Earlier this week news broke of a controversial workshop entitled "How privilege manifests in tutorials" run at the University of Melbourne by the Student Union's Environment Collective. Those running the workshop argued that "white males" and students that look like "Liberal voters", should be discouraged from speaking to provide more space for women and non-binary people to contribute during tutorials.
The University of Melbourne failed to condemn this sort of racism. A spokeswoman from the university has merely said "This is a workshop run by UMSU," and "What is discussed is not university policy." This is a pathetic response. If the student union preached discrimination against anyone else other than "white males" the university would treat this matter seriously and launch an investigation rather than merely ignore it.
What is worse is this is not the only example, we saw similar inaction from the University of Sydney when the union debating club released a system of quotas that actively discriminated against white male students.
Demanding that people "that look like liberal voters" must remain silent reveals the true intent of those running this workshop and pushing this agenda. It is not a means to achieve equality or end discrimination, but rather a quest to silence political dissent, an attempt to quieten the rebels and iconoclasts pushing back against the enforced intellectual consensus prevalent on campus today.
Apart from being incredibly sexist and racist to white male students, it is hard to see how this identity politics is at all empowering to young women. This policy is incredibly patronising and insulting to women. This workshop, whilst in a rush to paint all white men and conservatives as the enemy, also implied that women attending higher education are so fragile, such sweet delicate flowers, that a male simply sharing their ideas in a tutorial would scare them into silence. This is not empowerment; it is condescending puritanical nonsense that belongs back in the 19th century.
The contradictions are also apparent. The point of this "affirmative-action" style discrimination is to empower women, but what if a woman happens to look like a "Liberal voter". Presumably that means that they must join their fellow white male deplorables in silence. This would also be true of non-white Liberal voters, though the organisers probably view the world in such a blinkered and racist way as to not allow for the existence of such an individual. Identity politics wants everyone to fit a stereotypical mold.
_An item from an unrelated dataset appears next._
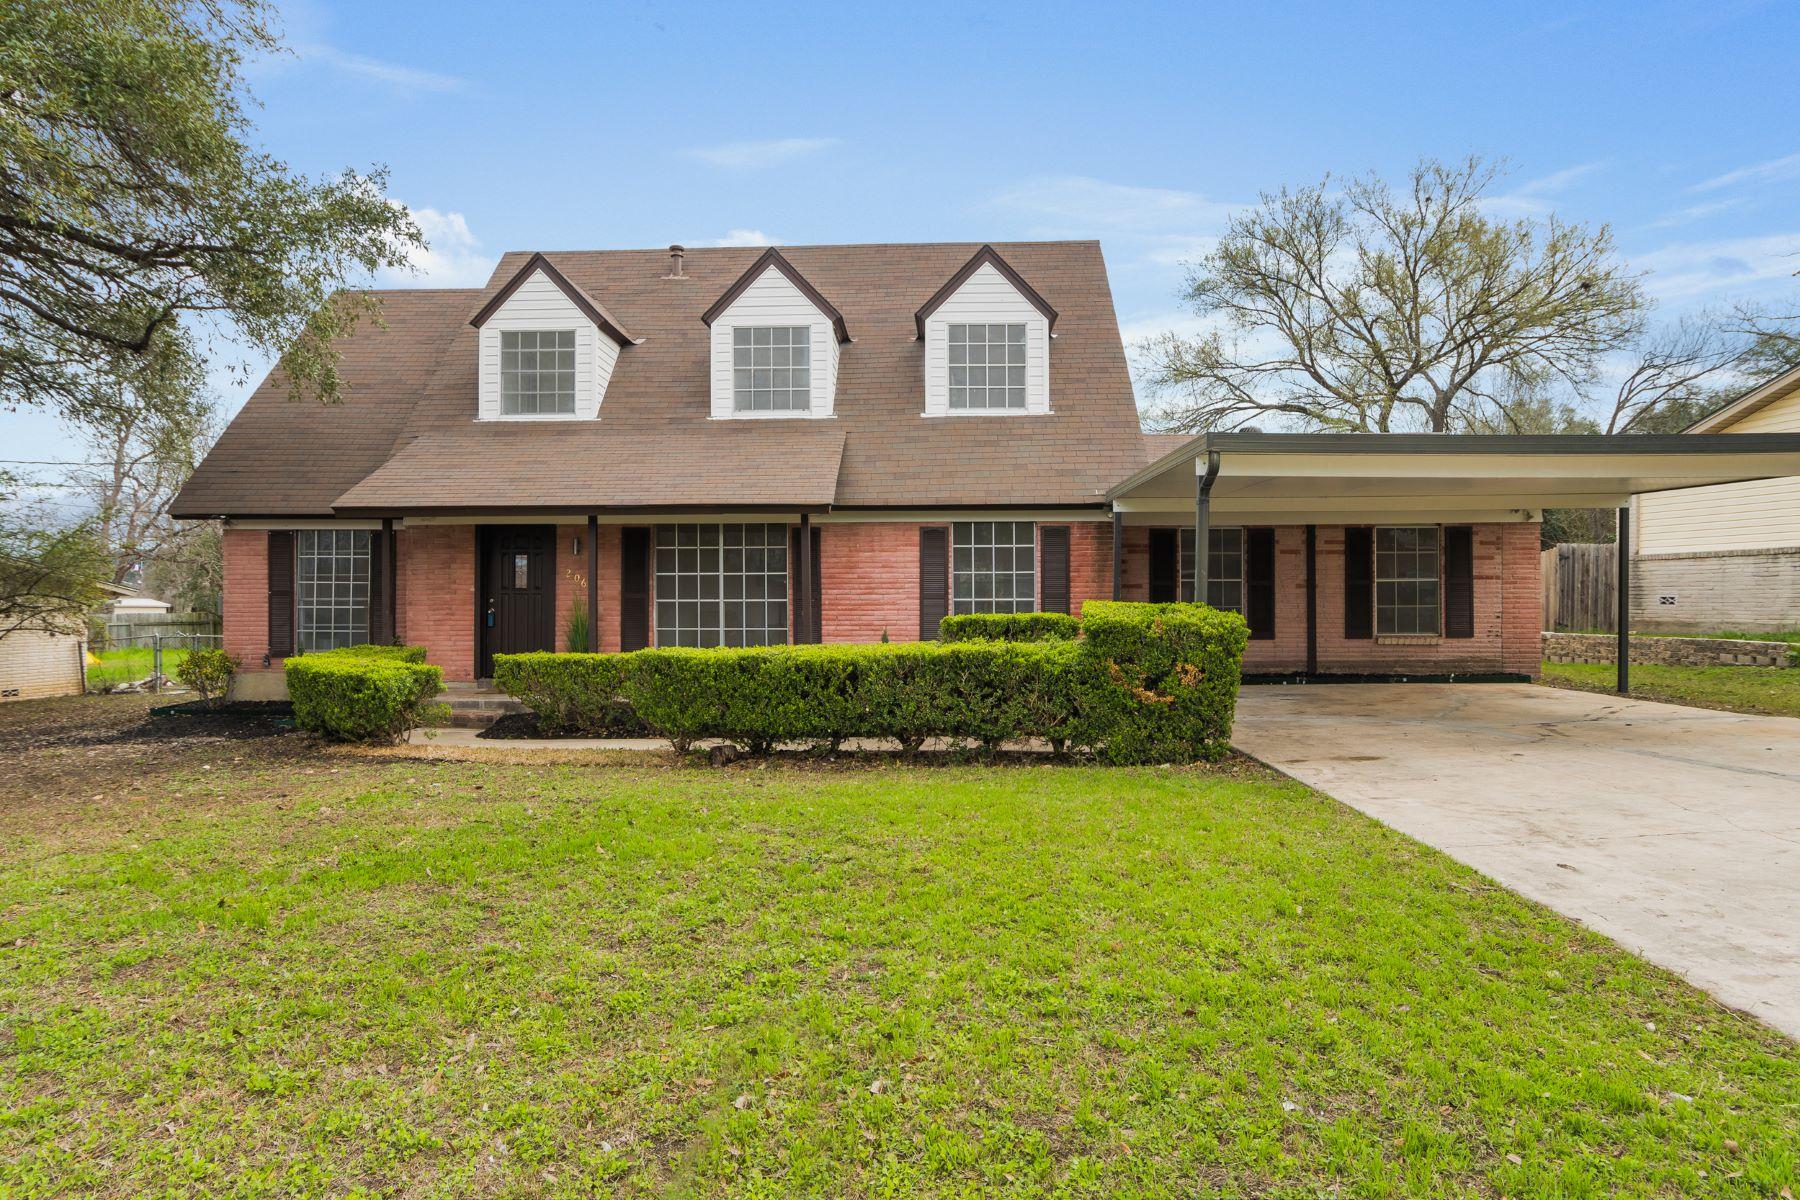 단독 가정 주택 용 매매 에 Stunning Remodeled Home 206 Faith Drive, San Antonio, 텍사스, 78228 미국
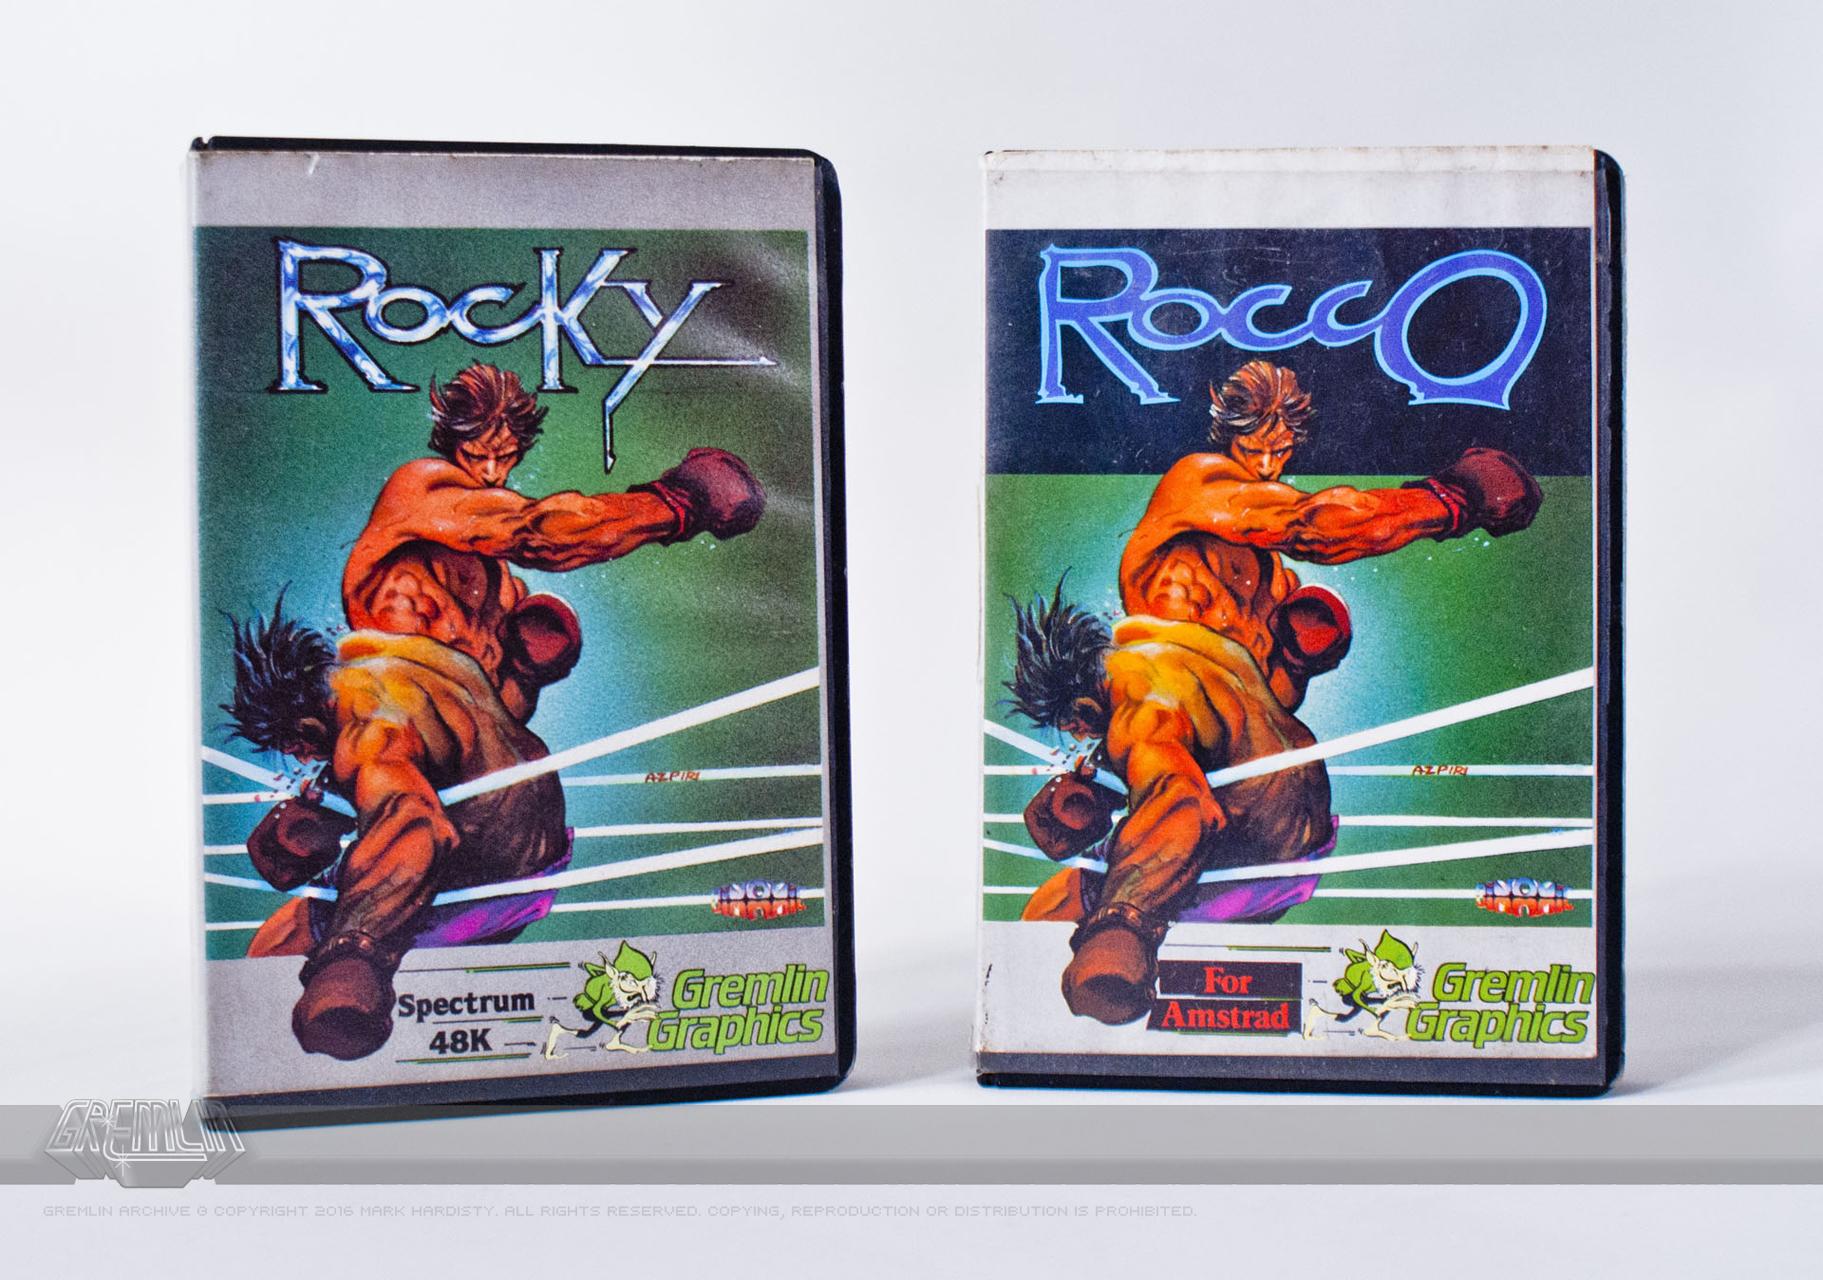 Rocky / Rocco

The workshop was organized by the University of Melbourne Student Union and forms part of a broader push to silence alternate views on campus driven by the National Union of Students.
The real outrage is these radical student activists are funded by an enforced tax on students in the form of the $294 Student Services and Amenities Fee (SSAF). Introduced by the Gillard government in 2011, the SSAF amounts to a concealed form of compulsory student unionism. It would have been politically impolite for Labor to reintroduce something as draconian as compulsory unionism, so instead they draped it in the legitimacy of a "services fee". The pretense is only skin-deep, for the money is flagrantly appropriated to political purposes.
In 2017 at the University of Sydney student funds were used to purchase a giant inflatable rat for a protest attended by the more radical staff and students, the "service" being to push a divisive agenda many students disagreed with. And in 2016, again at USYD, SSAF money was used to purchase 50 pizzas to "show solidarity" with the activists Place de Republique, in Paris. The examples are endless, the radical left union spends student money with impunity, even using it to pay off parking fines for their higher ranking members, and they will continue to do so if we do not return to a system of genuine Voluntary Student Unionism.
The SSAF has led to a situation where white male students pay a fee for workshops that actively discriminate against them. Conservative, Christian and Libertarian societies pay a fee to have the union ban or protest their events. It is true that other groups can get access to the SSAF funds but not without the union's permission. All clubs, groups, events that use shared spaces and funds for club events must be approved by the student union. While they continue to make frivolous purchases.
This is not to say that student unions don't have every right to run workshops on whatever topics they choose, even if they are full of repugnant and discriminatory identity politics. But not when these funds are taken from students compulsorily and then denied to those presenting minority opinions. There is plenty of hope for the future as many students are pushing back against the enforced consensus, but we need to remove these artificial barriers so that the free intellectual debate that so enriches the university experience can be fought out on a level playing field.